__The task__
Your answer should be the lines below from the one holding "Grundstücksmarktbericht 2017 Landkreis" through the one holding "Wallpaper Evening Sunset", copied exactly and with nothing else.

Dataset items
————————

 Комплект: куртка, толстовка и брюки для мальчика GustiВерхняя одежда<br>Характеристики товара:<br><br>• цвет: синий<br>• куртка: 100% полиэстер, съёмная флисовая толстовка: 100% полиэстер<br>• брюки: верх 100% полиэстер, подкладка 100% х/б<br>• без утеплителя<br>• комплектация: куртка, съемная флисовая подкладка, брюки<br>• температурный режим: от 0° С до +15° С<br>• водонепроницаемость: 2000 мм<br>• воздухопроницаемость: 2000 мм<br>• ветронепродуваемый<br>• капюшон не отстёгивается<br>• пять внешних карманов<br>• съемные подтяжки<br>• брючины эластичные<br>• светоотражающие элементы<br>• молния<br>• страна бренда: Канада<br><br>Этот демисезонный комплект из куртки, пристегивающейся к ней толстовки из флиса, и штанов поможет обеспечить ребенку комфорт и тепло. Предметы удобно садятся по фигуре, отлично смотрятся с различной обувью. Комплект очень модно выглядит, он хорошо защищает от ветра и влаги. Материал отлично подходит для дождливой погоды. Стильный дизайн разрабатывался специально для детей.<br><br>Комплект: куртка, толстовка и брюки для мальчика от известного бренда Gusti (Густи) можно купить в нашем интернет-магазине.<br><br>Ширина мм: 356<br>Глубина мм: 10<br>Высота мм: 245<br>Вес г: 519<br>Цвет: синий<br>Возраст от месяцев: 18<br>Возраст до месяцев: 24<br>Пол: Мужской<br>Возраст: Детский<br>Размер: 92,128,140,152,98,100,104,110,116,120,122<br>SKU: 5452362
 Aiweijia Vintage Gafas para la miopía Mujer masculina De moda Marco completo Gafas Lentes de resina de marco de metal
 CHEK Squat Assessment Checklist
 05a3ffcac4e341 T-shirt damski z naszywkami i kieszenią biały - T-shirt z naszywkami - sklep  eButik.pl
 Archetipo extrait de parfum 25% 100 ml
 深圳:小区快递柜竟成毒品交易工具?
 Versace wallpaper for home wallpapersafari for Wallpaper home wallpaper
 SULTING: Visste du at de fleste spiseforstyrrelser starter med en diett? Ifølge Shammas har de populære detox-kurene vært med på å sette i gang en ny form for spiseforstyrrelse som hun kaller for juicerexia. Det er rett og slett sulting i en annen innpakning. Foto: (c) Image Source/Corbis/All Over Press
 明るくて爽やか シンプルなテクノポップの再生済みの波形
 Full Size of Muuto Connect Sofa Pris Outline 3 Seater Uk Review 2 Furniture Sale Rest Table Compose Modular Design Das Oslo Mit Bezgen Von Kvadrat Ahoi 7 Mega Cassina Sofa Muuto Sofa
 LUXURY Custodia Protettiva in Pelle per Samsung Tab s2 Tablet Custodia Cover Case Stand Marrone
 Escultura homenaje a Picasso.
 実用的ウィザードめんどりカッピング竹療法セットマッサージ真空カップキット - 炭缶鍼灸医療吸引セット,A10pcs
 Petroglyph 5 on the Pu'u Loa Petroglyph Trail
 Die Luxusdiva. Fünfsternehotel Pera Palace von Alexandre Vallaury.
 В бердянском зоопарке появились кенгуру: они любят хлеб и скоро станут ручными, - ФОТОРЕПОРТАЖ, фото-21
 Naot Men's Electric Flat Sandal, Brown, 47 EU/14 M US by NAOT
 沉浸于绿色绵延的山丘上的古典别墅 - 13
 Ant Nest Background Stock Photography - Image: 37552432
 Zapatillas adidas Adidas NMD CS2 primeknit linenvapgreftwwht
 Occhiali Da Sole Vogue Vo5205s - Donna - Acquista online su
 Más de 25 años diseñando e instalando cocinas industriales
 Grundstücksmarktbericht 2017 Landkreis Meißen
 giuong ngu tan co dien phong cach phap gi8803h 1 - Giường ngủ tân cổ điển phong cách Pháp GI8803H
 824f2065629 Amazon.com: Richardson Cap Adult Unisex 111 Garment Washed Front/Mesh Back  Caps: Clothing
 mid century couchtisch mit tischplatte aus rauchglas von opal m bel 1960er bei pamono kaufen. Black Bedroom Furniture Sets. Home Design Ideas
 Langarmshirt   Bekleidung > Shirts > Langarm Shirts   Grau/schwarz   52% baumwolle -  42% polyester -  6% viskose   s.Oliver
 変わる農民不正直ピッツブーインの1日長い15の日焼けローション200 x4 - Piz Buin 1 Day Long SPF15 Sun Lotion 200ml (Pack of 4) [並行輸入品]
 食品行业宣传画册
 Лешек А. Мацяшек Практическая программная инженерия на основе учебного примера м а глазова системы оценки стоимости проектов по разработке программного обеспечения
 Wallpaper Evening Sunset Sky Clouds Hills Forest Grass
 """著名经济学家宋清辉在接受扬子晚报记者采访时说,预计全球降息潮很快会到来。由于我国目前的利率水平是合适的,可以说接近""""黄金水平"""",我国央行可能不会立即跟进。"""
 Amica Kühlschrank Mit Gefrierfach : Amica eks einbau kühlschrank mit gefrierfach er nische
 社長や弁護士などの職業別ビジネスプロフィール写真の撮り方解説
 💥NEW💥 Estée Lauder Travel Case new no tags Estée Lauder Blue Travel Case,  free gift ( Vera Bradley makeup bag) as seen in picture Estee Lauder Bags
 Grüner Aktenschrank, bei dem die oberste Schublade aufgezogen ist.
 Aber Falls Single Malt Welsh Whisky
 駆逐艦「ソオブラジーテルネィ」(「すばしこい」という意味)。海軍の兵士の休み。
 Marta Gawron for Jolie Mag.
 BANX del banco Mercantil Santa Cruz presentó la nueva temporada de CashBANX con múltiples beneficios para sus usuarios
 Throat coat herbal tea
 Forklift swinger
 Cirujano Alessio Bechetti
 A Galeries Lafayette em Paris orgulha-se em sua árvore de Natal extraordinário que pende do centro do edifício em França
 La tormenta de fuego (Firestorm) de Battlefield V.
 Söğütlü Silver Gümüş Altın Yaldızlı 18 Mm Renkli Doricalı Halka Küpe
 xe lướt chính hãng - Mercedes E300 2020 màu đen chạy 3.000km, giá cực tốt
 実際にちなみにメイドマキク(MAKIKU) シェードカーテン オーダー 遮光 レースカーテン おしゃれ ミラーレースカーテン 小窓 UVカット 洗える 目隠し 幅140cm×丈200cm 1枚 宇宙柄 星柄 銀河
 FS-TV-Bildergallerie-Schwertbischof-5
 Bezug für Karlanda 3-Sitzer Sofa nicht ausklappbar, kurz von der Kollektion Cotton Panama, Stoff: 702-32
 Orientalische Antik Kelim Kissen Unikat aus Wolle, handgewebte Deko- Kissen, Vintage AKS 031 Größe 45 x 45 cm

————————

__Final answer__
 Grundstücksmarktbericht 2017 Landkreis Meißen
 giuong ngu tan co dien phong cach phap gi8803h 1 - Giường ngủ tân cổ điển phong cách Pháp GI8803H
 824f2065629 Amazon.com: Richardson Cap Adult Unisex 111 Garment Washed Front/Mesh Back  Caps: Clothing
 mid century couchtisch mit tischplatte aus rauchglas von opal m bel 1960er bei pamono kaufen. Black Bedroom Furniture Sets. Home Design Ideas
 Langarmshirt   Bekleidung > Shirts > Langarm Shirts   Grau/schwarz   52% baumwolle -  42% polyester -  6% viskose   s.Oliver
 変わる農民不正直ピッツブーインの1日長い15の日焼けローション200 x4 - Piz Buin 1 Day Long SPF15 Sun Lotion 200ml (Pack of 4) [並行輸入品]
 食品行业宣传画册
 Лешек А. Мацяшек Практическая программная инженерия на основе учебного примера м а глазова системы оценки стоимости проектов по разработке программного обеспечения
 Wallpaper Evening Sunset Sky Clouds Hills Forest Grass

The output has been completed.